Криминальные романы и повести. Книги 1-12 — страница 737 из 798

— Как хочешь! Что в детстве тебя уронили с печки, что полный склероз, что… — снова вспыхнул профессор. Затем, сдержавшись, добавил: — Самое лучшее, скажи, что над тобой подшутили.

— Поверят ли? — с сомнением покачала головой Сторожук.

— Сделай так, чтобы поверили! — рявкнул Валерий Платонович. — Понимаешь, должны поверить! Иначе…

Она поспешила в милицию.

Начальник уголовного розыска уже собирался уходить, так как рабочий день кончился. Прочитав заявление, майор Саблин посмотрел, как показалось Орысе, на неё с подозрением, выразительно хмыкнул. Она стала сбивчиво объяснять, что, мол, над ней подшутили, но делала это, вероятно, не очень умело и убедительно, потому что майор усмехнулся:

— Я гляжу, что-то вы не очень рады обнаружению пропажи.

— Рада, рада! — неестественно весело произнесла Сторожук. — Понимаете, перенервничала — страсть! Потом поругалась, конечно: тоже мне — шуточки!

— Да уж… — Саблин неопределённо повертел головой и принял заявление.

Дома Скворцов-Шанявский дотошно расспросил о реакции милиции и, кажется, остался доволен тем, что удалось замять эту историю.

— Смотри, — предупредил он, — больше никакой самодеятельности!

Профессор, вопреки обыкновению, остался дома. Орысю он словно не замечал. И кажется, даже обрадовался, когда к вечеру заглянула Элефтерия Константиновна с приглашением на чашку чая по случаю своего дня ангела. Орыся, сославшись на нездоровье, не пошла. Скворцов-Шанявский и Вадим отправились на хозяйскую половину без неё. Профессор прихватил с собой книгу.

— Прошу прощения за скромный презент, — сказал он Александропулос, вручая книгу. — Надо было предупредить заранее.

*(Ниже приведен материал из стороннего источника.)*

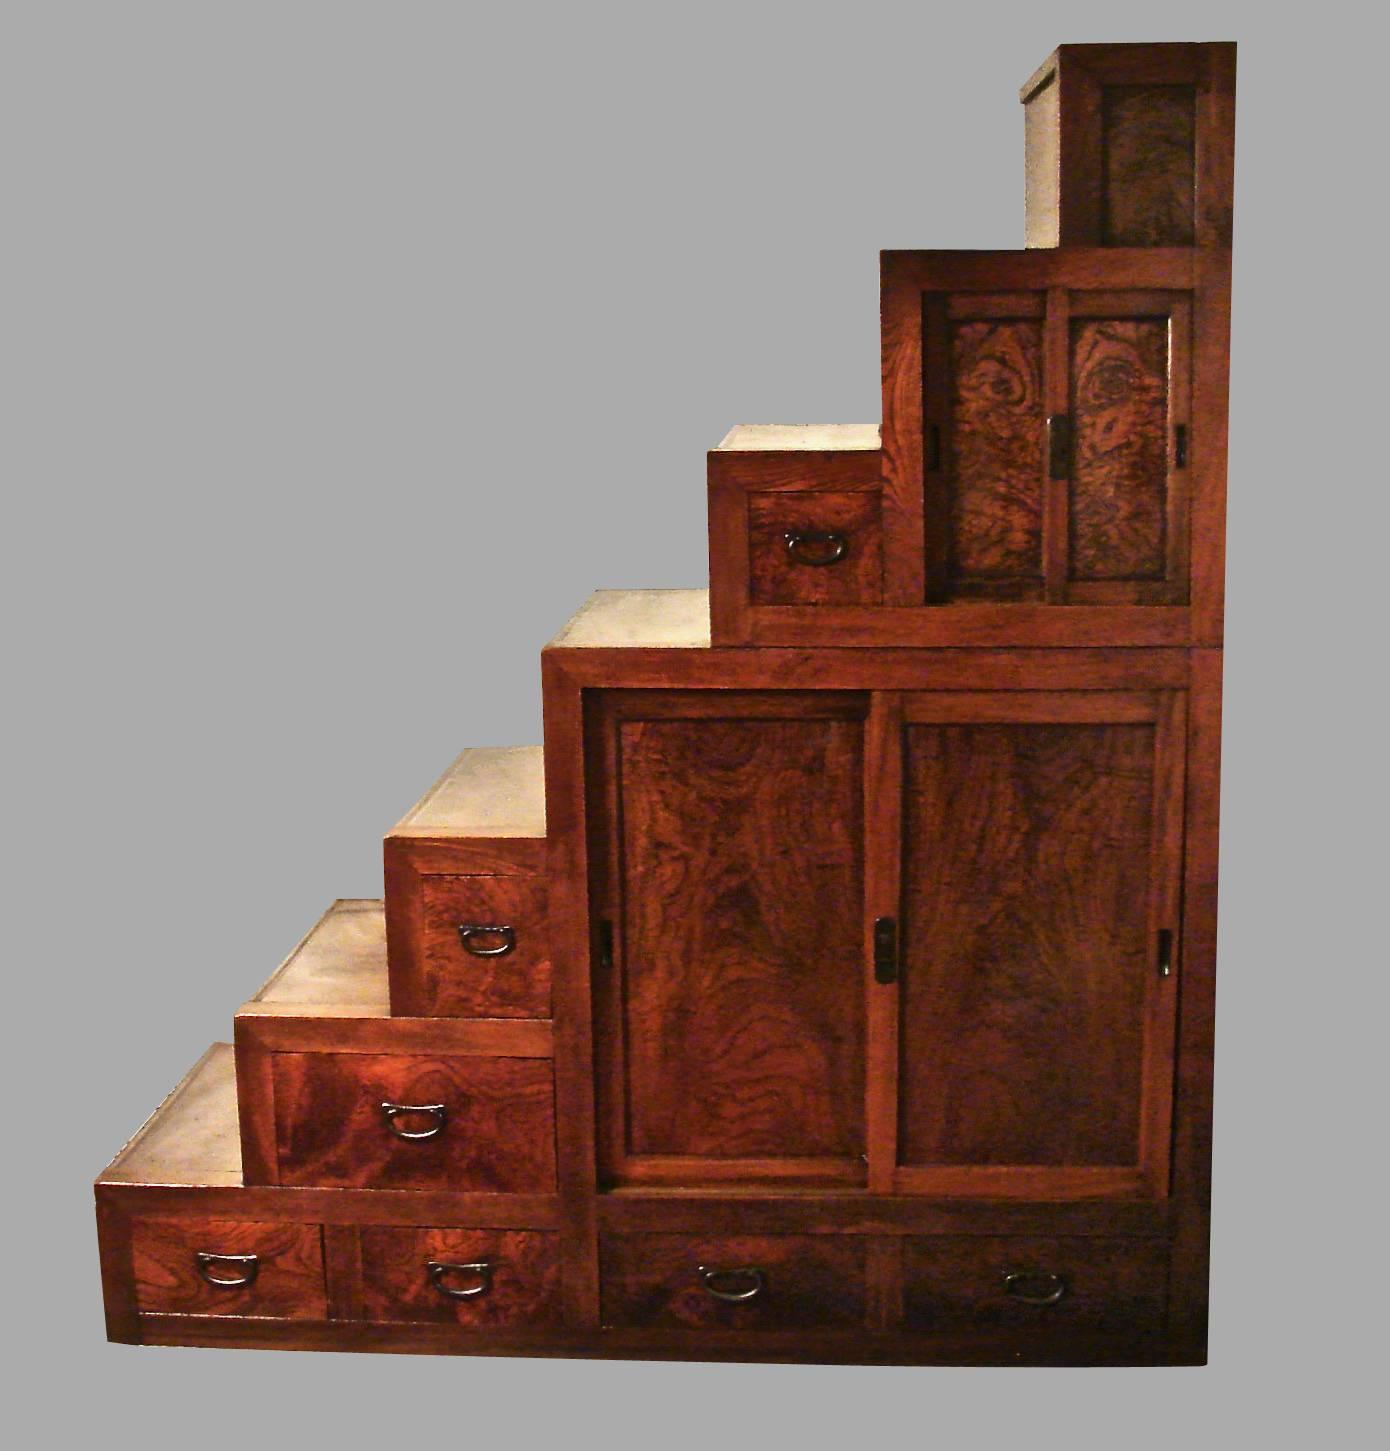 A good quality late Meiji period Japanese keyaki wood kaidan or step tansu in two parts, the small three step upper stage with two sliding doors and a single small drawer, the large lower stage with four steps, two sliding doors and six drawers of

Та рассыпалась в благодарностях, заметив, что дорого внимание, а не подарок. Прочитав название книги, она и вовсе растрогалась — это был сборник легенд и мифов Древней Греции.

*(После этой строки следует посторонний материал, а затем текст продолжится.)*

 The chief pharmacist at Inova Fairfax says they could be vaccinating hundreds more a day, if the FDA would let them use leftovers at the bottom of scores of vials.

— Вы всегда умеете преподнести что-нибудь такое-этакое, — чуть не прослезилась вдова. — Ну прямо по сердцу…

Тем временем Орыся не находила себе места. Её мучили мысли — что же произошло с деньгами? Где их украли? Кто? Когда?

«Чего теперь гадать? — вдруг подумала она. — Надо помозговать, где достать пятьдесят тысяч. Может, слетать в Трускавец, снять со сберкнижки? А вдруг встречусь с Сергеем?»

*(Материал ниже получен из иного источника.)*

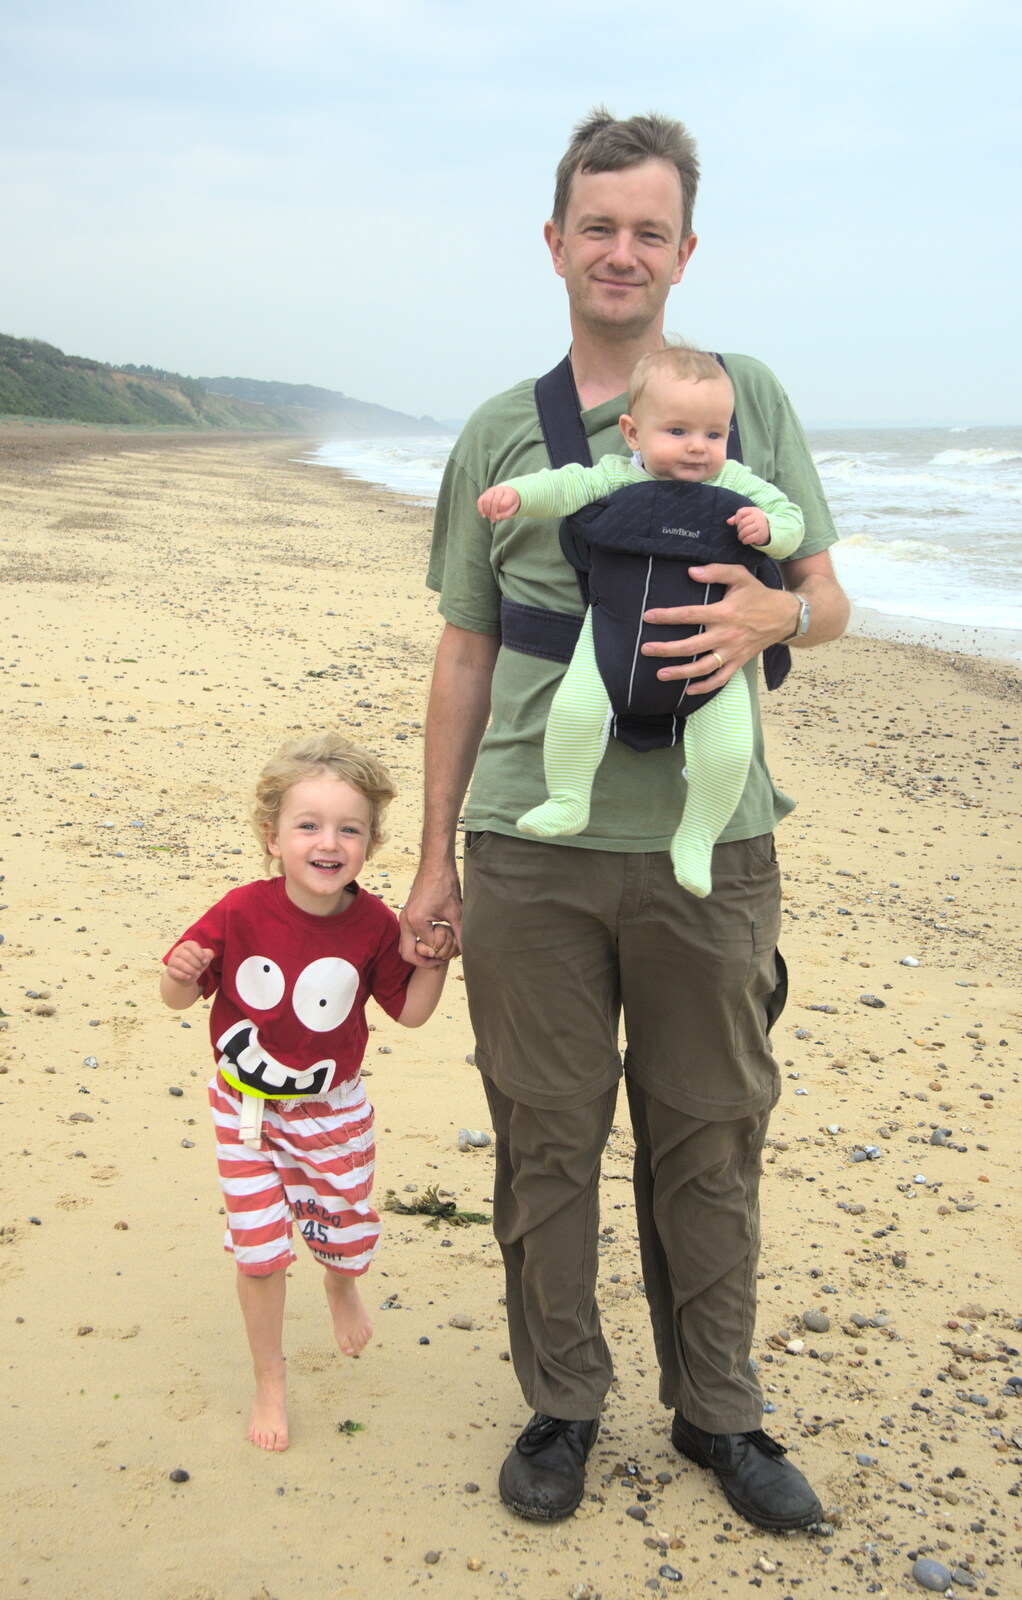 The boys: Fred, Nosher and Harry from Camping by the Seaside, Cliff House, Dunwich, Suffolk - 15th August 2012

Орыся заперлась в своей комнатке, бросилась на кровать. Ей почему-то вспомнилось слово «сука», которым обозвал её профессор. Зарывшись лицом в подушку, Орыся разрыдалась.

«Во что я превратилась? — спрашивала она себя. — В тряпку, о которую вытирают ноги все, кому не лень… С Сергеем была — дрожала каждую минуту: прибьёт или нет… Вырвалась наконец в Москву. Какие мечты были! Стать певицей, зажить по-человечески… И вот стала… Валерий относится к ней хуже, чем к собаке. Хочет — приласкает, хочет — гонит прочь!»

Подушка стала мокрой от слез. Но желанное облегчение не наступало. Орыся вспомнила мужа Василя, вспомнила Димку и застонала от боли, стальным обручем сжавшей сердце.

«Так можно свихнуться!» — пронеслось у неё в голове.

Она встала, посмотрела в окно. Сквозь ветви деревьев светилась веранда хозяйского дома. Оттуда доносилась музыка.

Орыся проверила, хорошо ли заперта дверь, потом нашарила под кроватью заветный графинчик с «изабеллой», который прятала от Валерия Платоновича.

Вино становилось в последнее время её единственной отдушиной.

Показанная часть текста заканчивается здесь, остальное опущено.